By the way translate.google.com says the modern Greek word for "emollient" is μαλακτικός malaktikos, which is obviously from the medieval "malagma" word. "Malagma" is in 12th century Latin meaning a poultice and I'd therefore expect it to be in medieval Greek too.


----------



## ireney

ᴚǝǝƶɐʍɐɈ said:


> According to translate.google.com the Greek ''malama'' word means gold. Wordreference.com in its English-to-Greek dictionary says the Greek for "heart of gold" is "heart of malama". I cannot imagine how one could go semantically from ''malagma'' = "a softening agent" to "malama" = "gold". Well, actually I can imagine it on the grounds that gold is malleable, but I cannot conceive it as likely because gold means so much much more that malleability.
> 
> By the way translate.google.com says the modern Greek word for "emollient" is μαλακτικός malaktikos, which is obviously from the medieval "malagma" word. "Malagma" is in 12th century Latin meaning a poultice and I'd therefore expect it to be in medieval Greek too.



"Μάλαμα" stands for pure gold though it's used for gold in general. A rather soft, malleable substance, pure gold.

As for "μαλακτικός" I'm afraid "μαλακτικός" is not from the the medieval "malagma" word. It's from the ancient Greek verb "μαλάσσω".


----------



## artion

Μαλακτικός is also produced from the v. malasso. 
I know that I should never be 100% sure about words origins, so I reduce my certainty to 95%, having in mind some other examples where -agma (or -egma) becomes -ama (or -ema) in Gr., sometimes altering the meaning, too, as in the case of malama:
πράγμα - πράμα (object).
πείραγμα (teasing) - πείραμα (experiment).
τάγμα (order) - τάμα (votive offering, dedication).
βρεγμένος - βρεμένος (wet).


----------



## artion

Chronologically, _malama_ seems to be older than _amalgama_. 
It is attested (meaning gold) in:
- _History of Appolonius of Tyre_, the manuscript of which is dated to 9th-10th century but assumed to a much older Greek story.  
- The Nuptials of Theseus (De Nuptiis Thesei) attributed to Bocaccio but assumed to exist before him as a "Greco-barbarian" poem.

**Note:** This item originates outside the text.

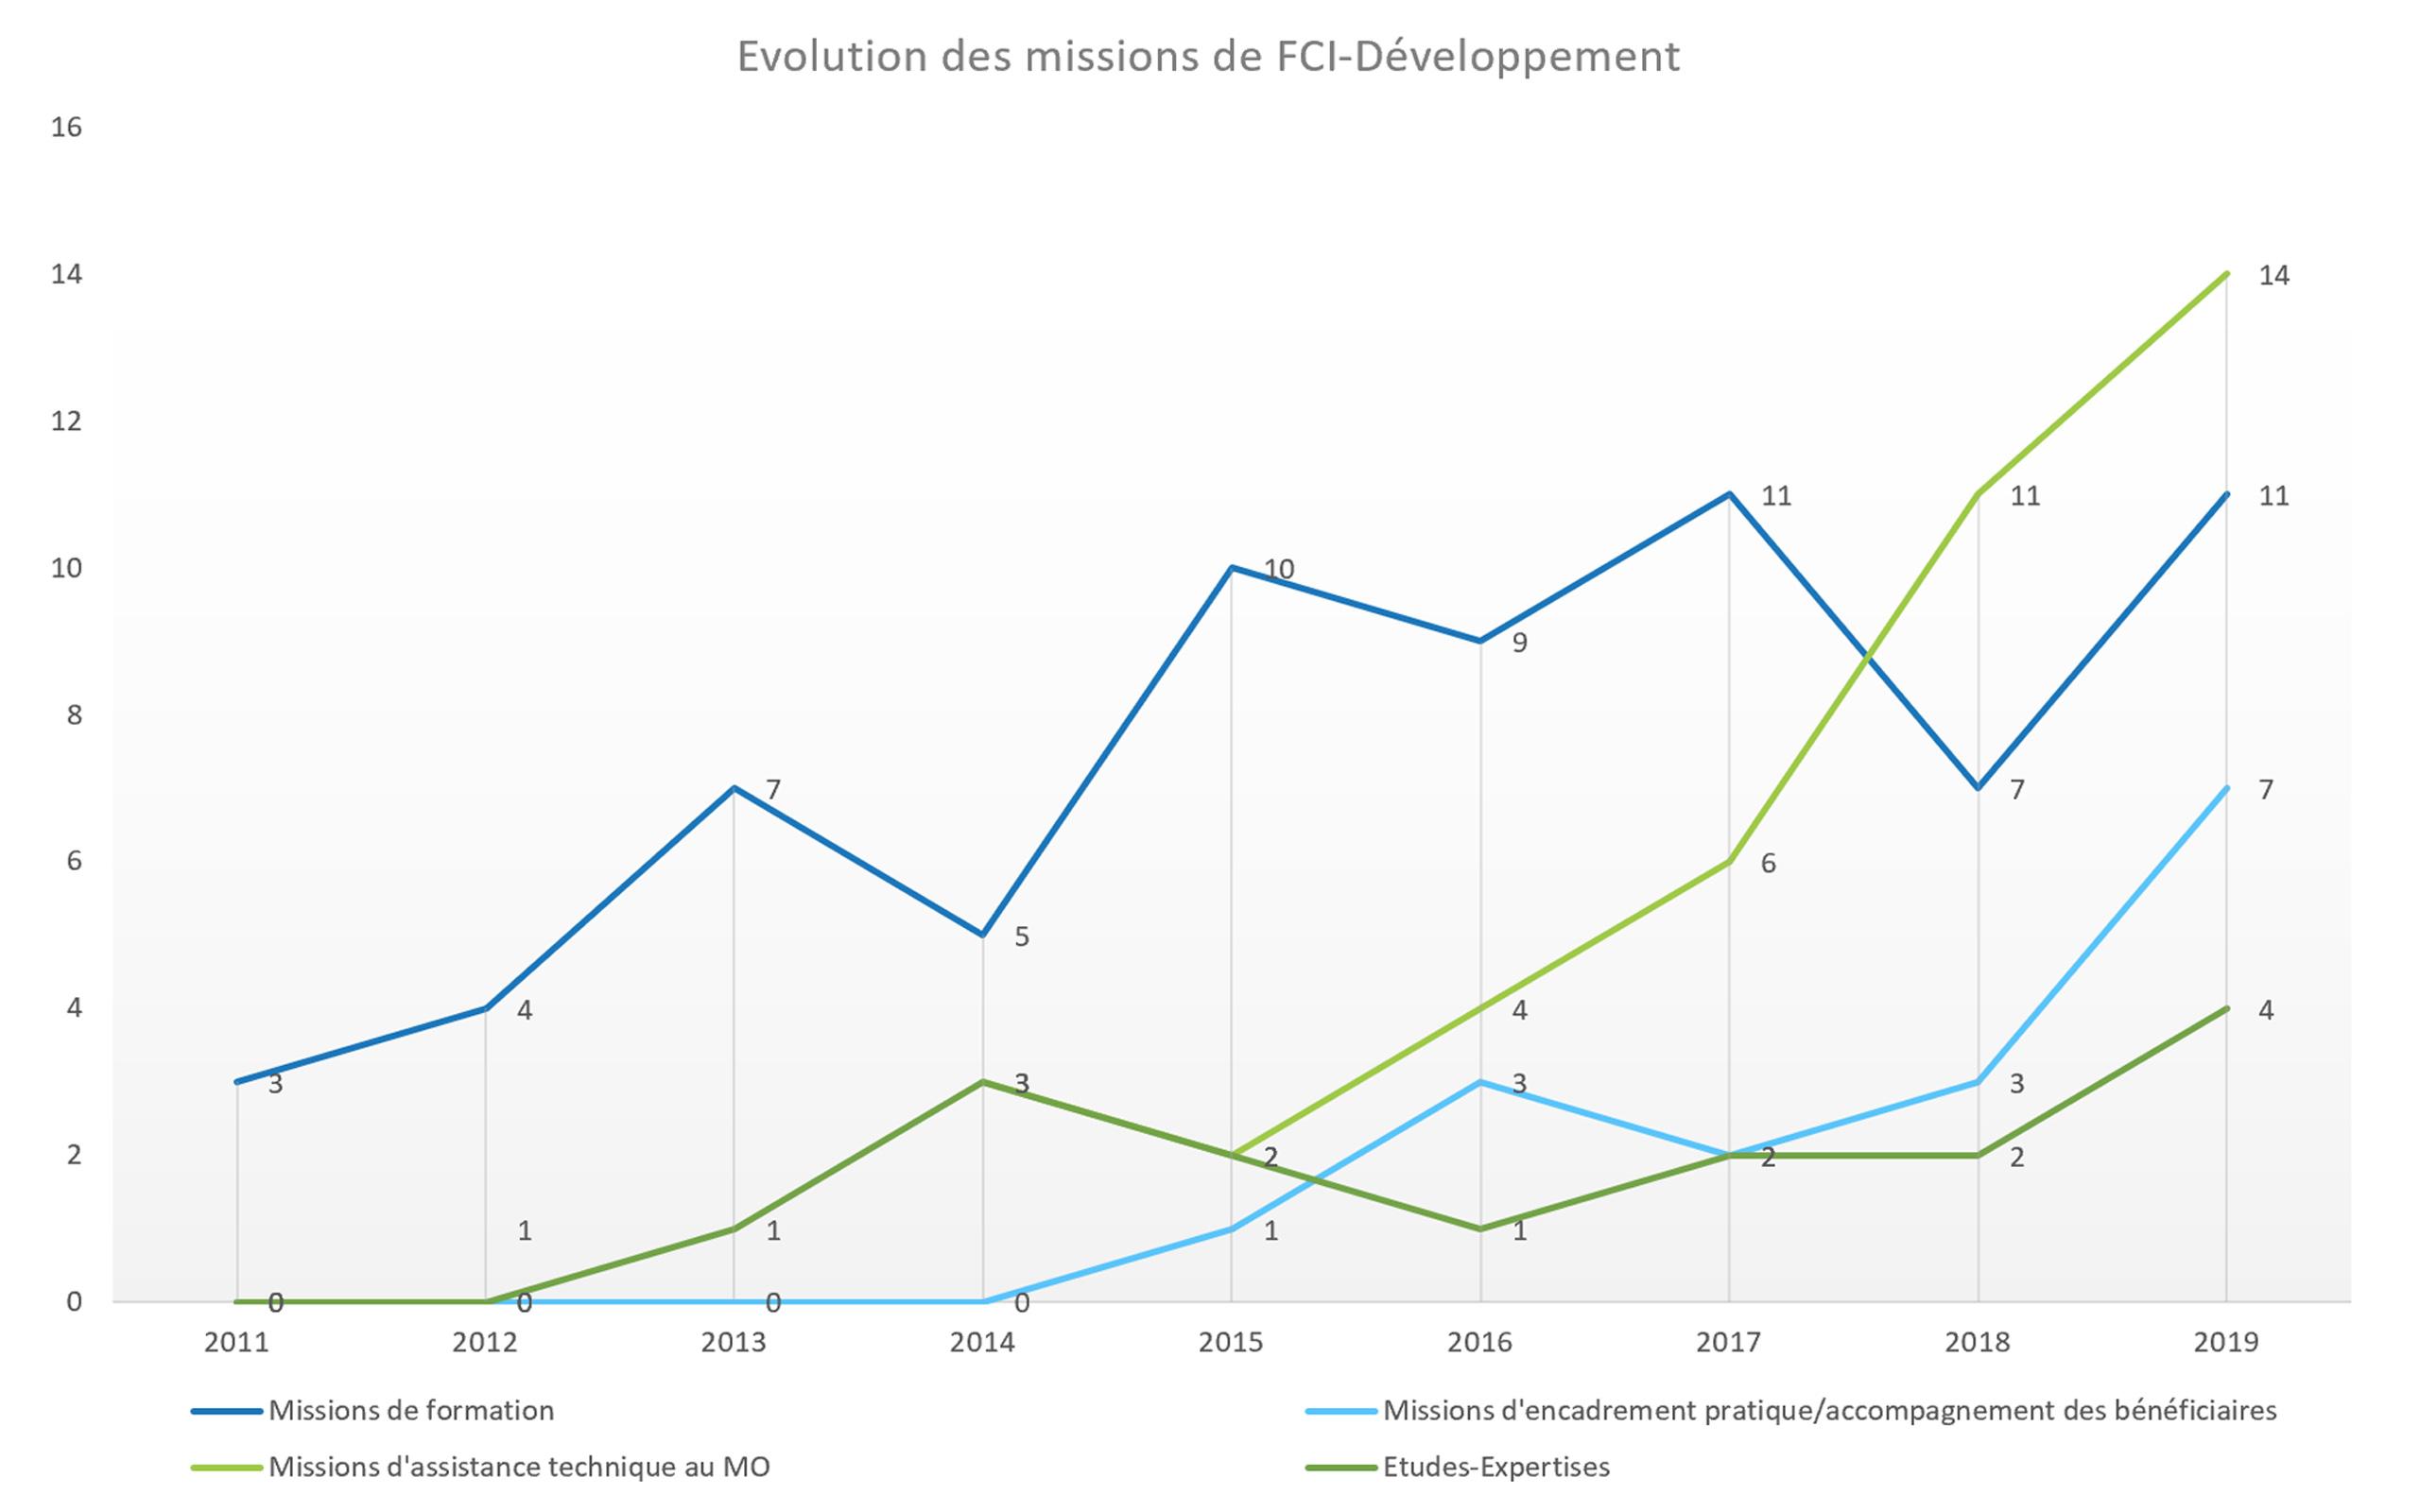 Evolution des missions de FCI Développement
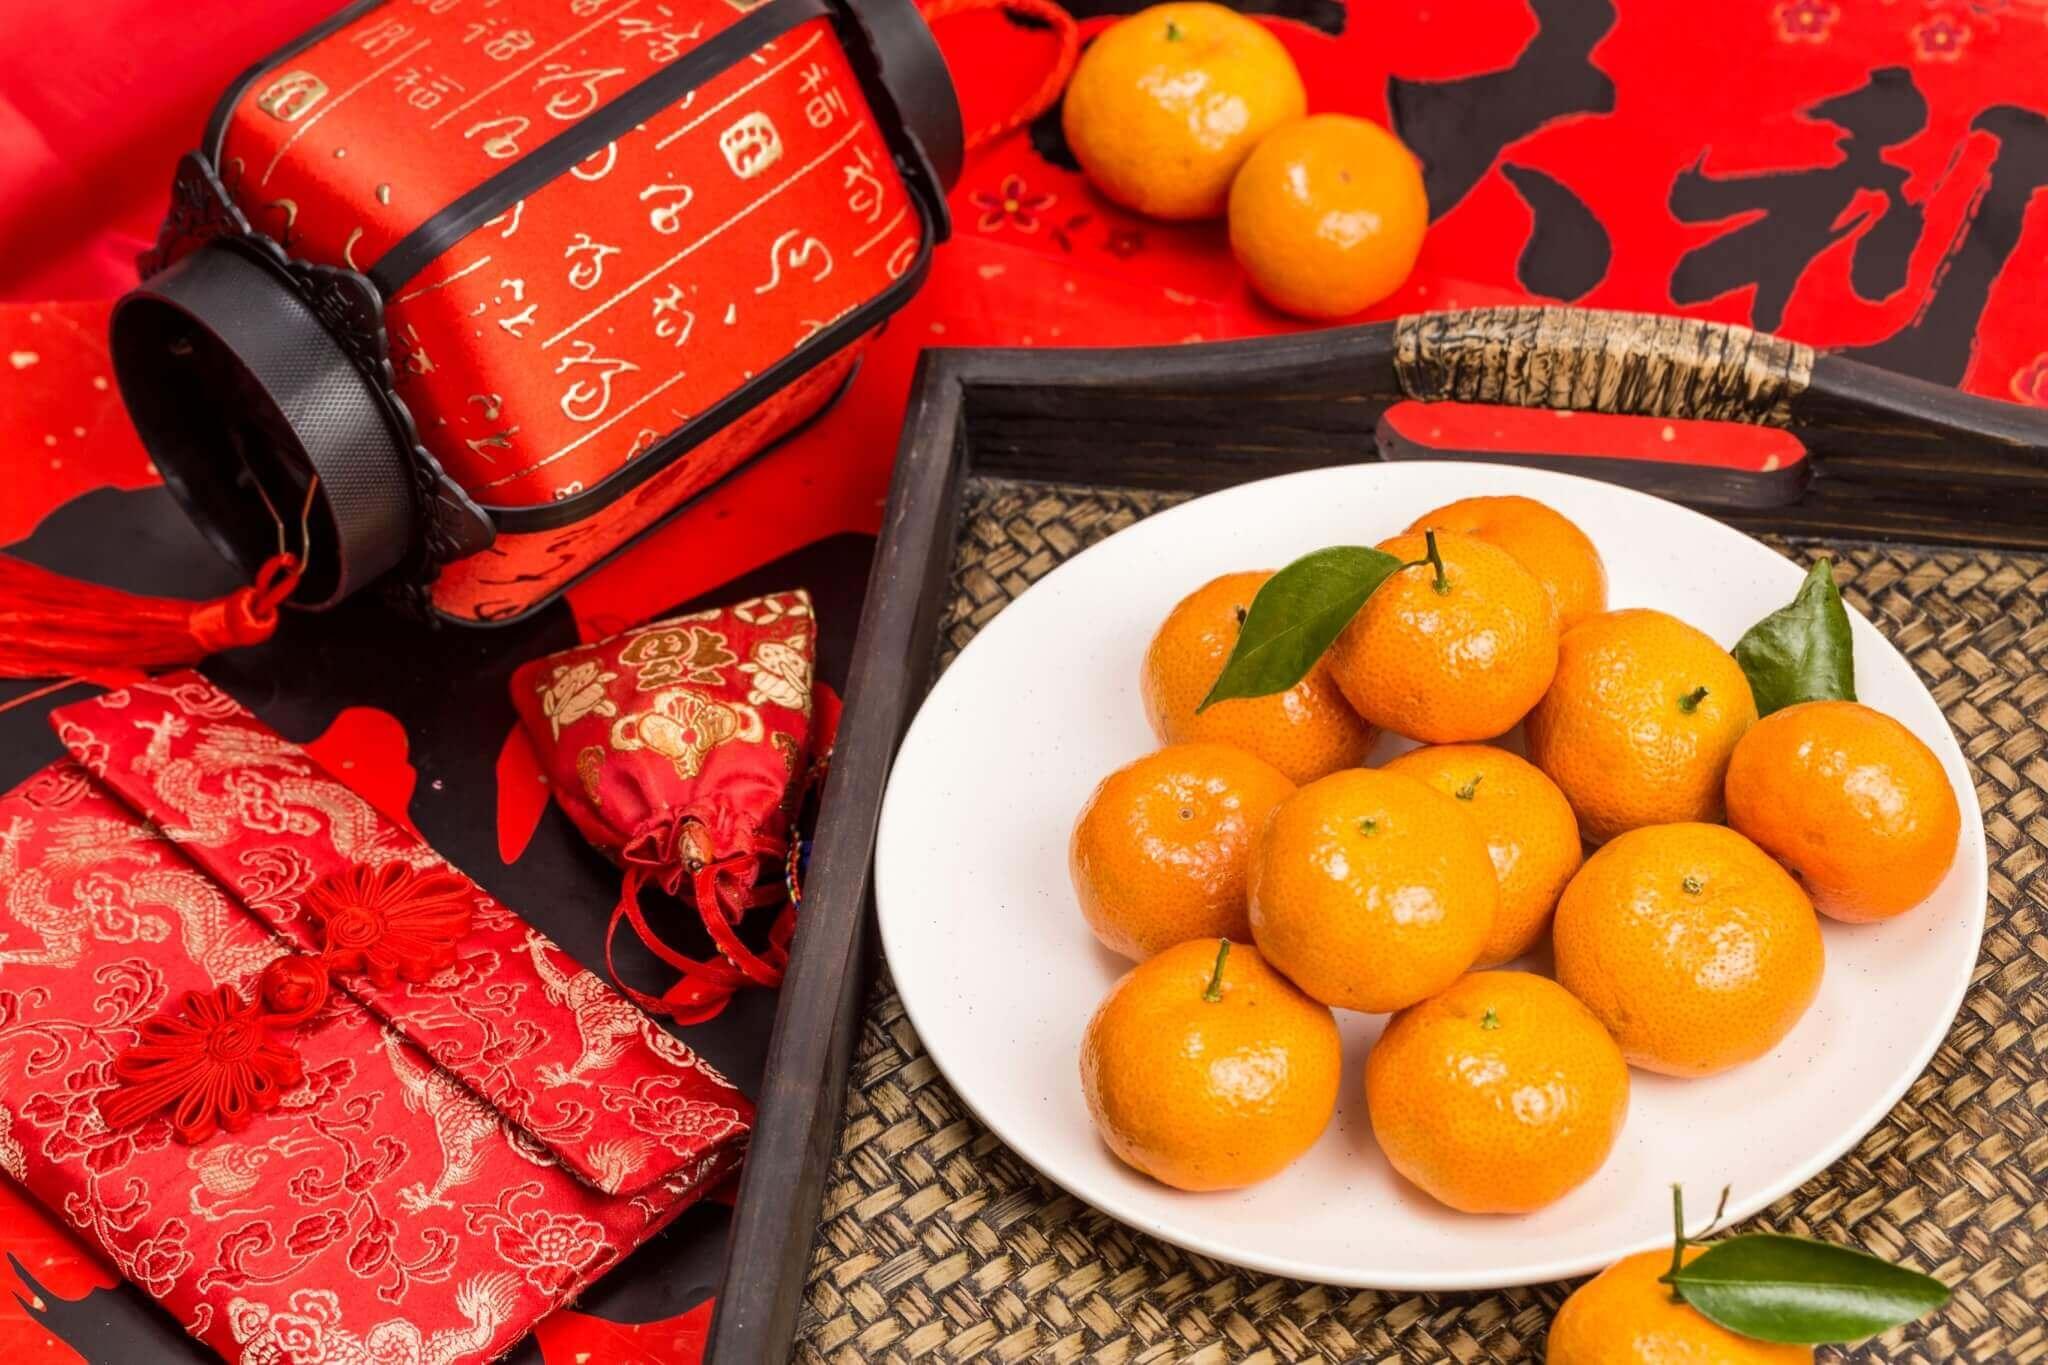 ผลไม้ ของไหว้วันตรุษจีน 2564

Carolus Du Fresne DU CANGE, Glossarium ad scriptores mediae et infirmae graecitatis, word "malama", p. 858.

http://books.google.gr/books?id=lIyIJCC_ctEC&pg=RA4-PA44&lpg=RA4-PA44&dq=fr.+richardum+scuto+fidei&source=bl&ots=hFa8i1ZFFf&sig=jFIxd0hTUYxRNuMlRW5fp_yDxpo&hl=el&ei=XrshTanaAo2r8QPZp4jmBQ&sa=X&oi=book_result&ct=result&resnum=1&ved=0CBkQ6AEwAA#v=onepage&q=fr.%20richardum%20scuto%20fidei&f=false


----------



## djara

ᴚǝǝƶɐʍɐɈ said:


> . As *sokol* claims to be well informed about what's in all authoritive dictionaries, perhaps he can do the favour of stating what and where is the earliest date of attestation of the Arabic ''malgham''. The question is how much evidence is there for an ''al-malgham'' origin story.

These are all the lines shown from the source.